The first step in gating is often distinguishing populations of cells based on their forward and side scatter properties. Forward and side scatter give an estimation of the size and granularity of the cells respectively, although this can depend on several factors such as the sample, the wavelength of the laser, the collection angle and the refractive index of the sample and the sheath fluid. Distinguishing populations of cells can be relatively straight forward for cell lines where there is only one type of cell, but it can be more complex for samples where there are multiple cell types. As can be seen in the density plots in Figure 13, red cell lysed whole blood has several distinct populations. The red/yellow/green/blue hot spots indicate increasing numbers of events resulting from discrete populations of cells. The light scatter patterns of granulocytes, monocytes and lymphocytes allow them to be distinguished from cellular debris and dead cells. Debris and dead cells often have a lower level of forward scatter and are found at the bottom left corner of the density plot. The forward scatter threshold can be increased to avoid collecting these events, or they can be removed by gating on the populations of interest (Figure 13A). Data can also be plotted as a combination of fluorescence and forward or side scatter as seen with CD45 Pacific Blue in Figure 13B. Forward and side scatter gating is often used to remove dead cells which have increased autofluorescence and non-specific binding of antibodies however, including a viability dye is a much more reliable method.

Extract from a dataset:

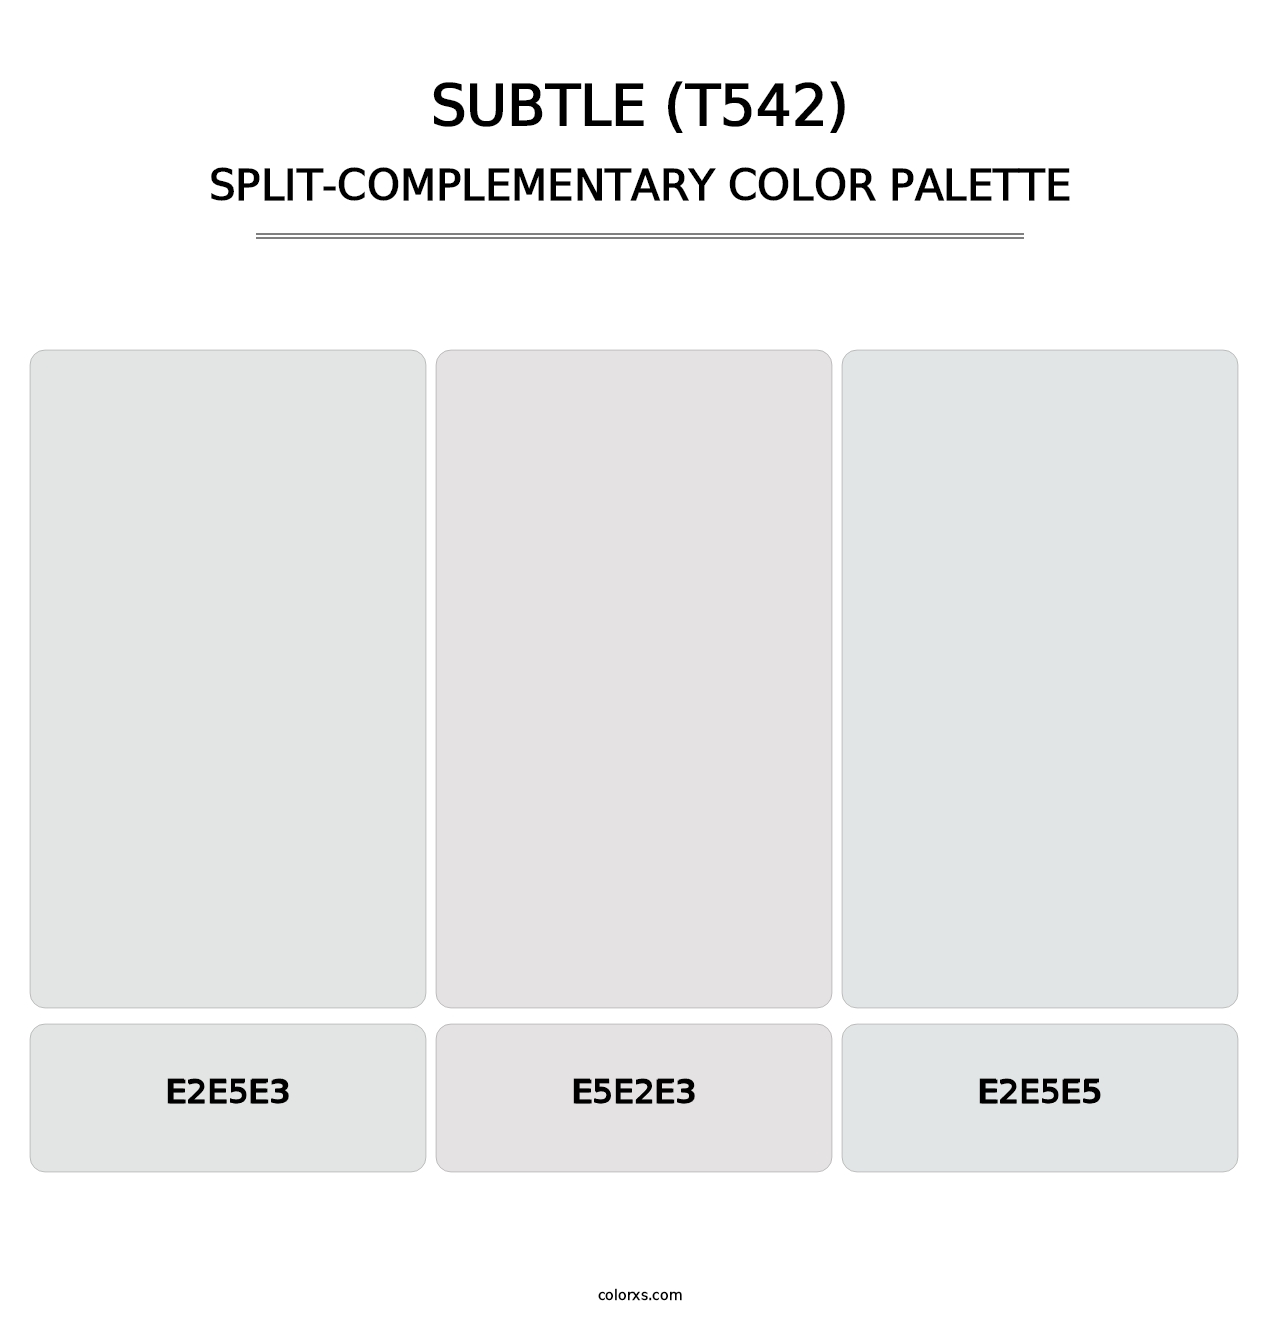 Subtle (T542) - Split-Complementary Color Palette

Fig. 13. Analysis of lysed whole blood. A. SSC vs. FSC density plot: B. SSC vs. CD45 PB (MCA87PB) fluorescence plot. PB, Pacific Blue; FSC, forward scatter; SSC, side scatter.
Events can also be displayed as a dot plot where no density information is shown or as a contour map to show the relative intensity of scatter patterns. Examples of contour maps are shown in Figure 14.
Fig. 14. Analysis of lysed whole blood. A. SSC vs. FSC contour plot: B. SSC vs. FSC contour plot plus outliers; FSC, forward scatter; SSC, side scatter.
It is down to the user preference as to which display is preferred, but sometimes discrete populations of cells are easier to visualize on contour diagrams.